I have a integer matrix of size 100x200x800 which is stored on the host in a flat 100*200*800 vector, i.e., I have
int* h_data = (int*)malloc(sizeof(int)*100*200*800);
On the device (GPU), I want to pad each dimension with zeros such that I obtain a matrix of size 128x256x1024, allocated as follows:
int *d_data;
cudaMalloc((void**)&d_data, sizeof(int)*128*256*1024);
What is the best approach to obtain the zero-padded matrix? I have two ideas:
- Iterate through individual submatrices on the host and copy them directly to the correct location on the device.

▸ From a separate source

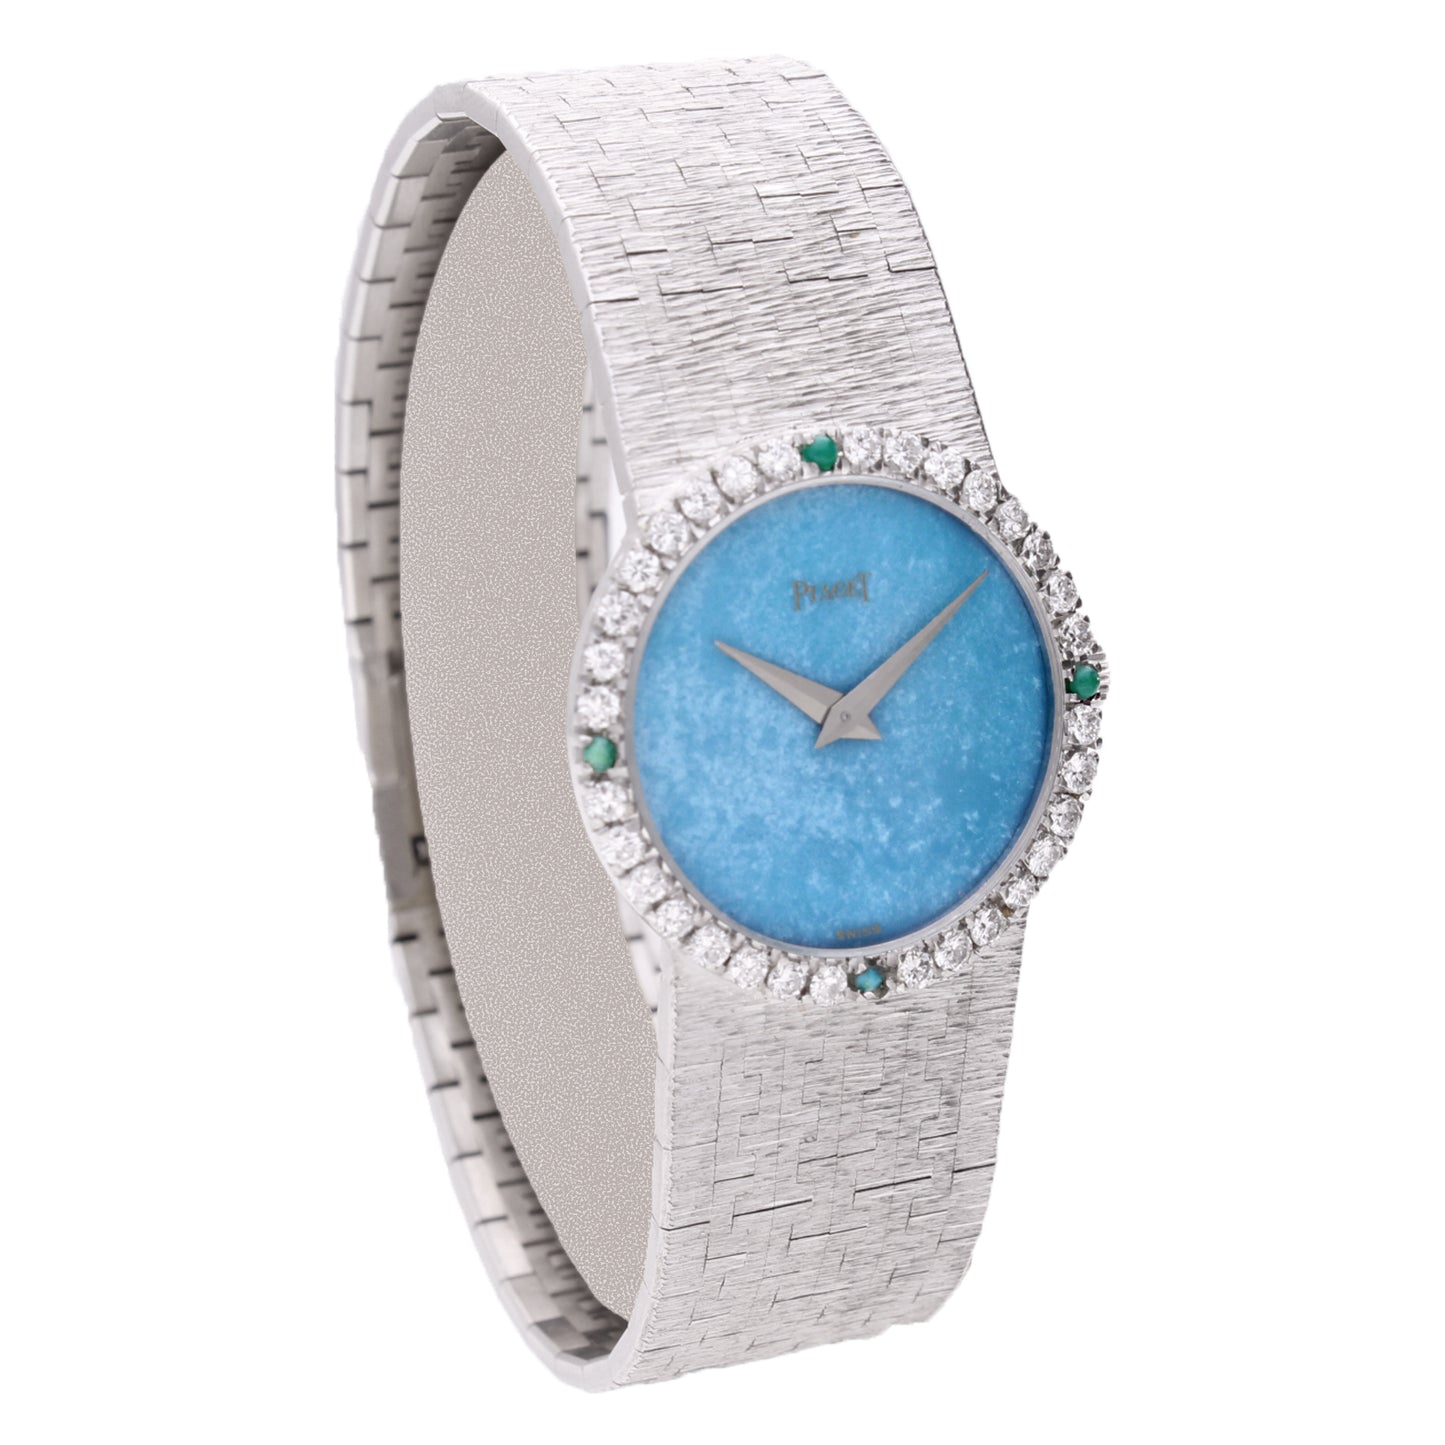 18ct white gold Piaget, reference 9706 barcelet watch with Turquoise dial and diamond set bezel. Made 1970's

- This approach requires many
cudaMemcpy
calls and is thus likely to be very slow
- This approach requires many
- On the device, allocate memory for a 100x200x800 matrix and a 128x256x1024 matrix and write a kernel that copies the samples to the correct memory space
- This approach is probably much faster but requires allocating memory for two matrices on the device
Is there any possibility for three-dimensional matrix indexing similar to MATLAB? In MATLAB, I could simply do the following:
h_data = rand(100, 200, 800);
d_data = zeros(128, 256, 1024);
d_data(1:100, 1:200, 1:800) = h_data;
Alternatively, if I copy the data to the device using cudaMemcpy(d_data, h_data, sizeof(int)*100*200*800, cudaMemcpyHostToDevice);
, is it possible to reorder data in place such that I do not have to allocate memory for a second matrix, maybe using cudaMemcpy3D
or cudaMemset3D
?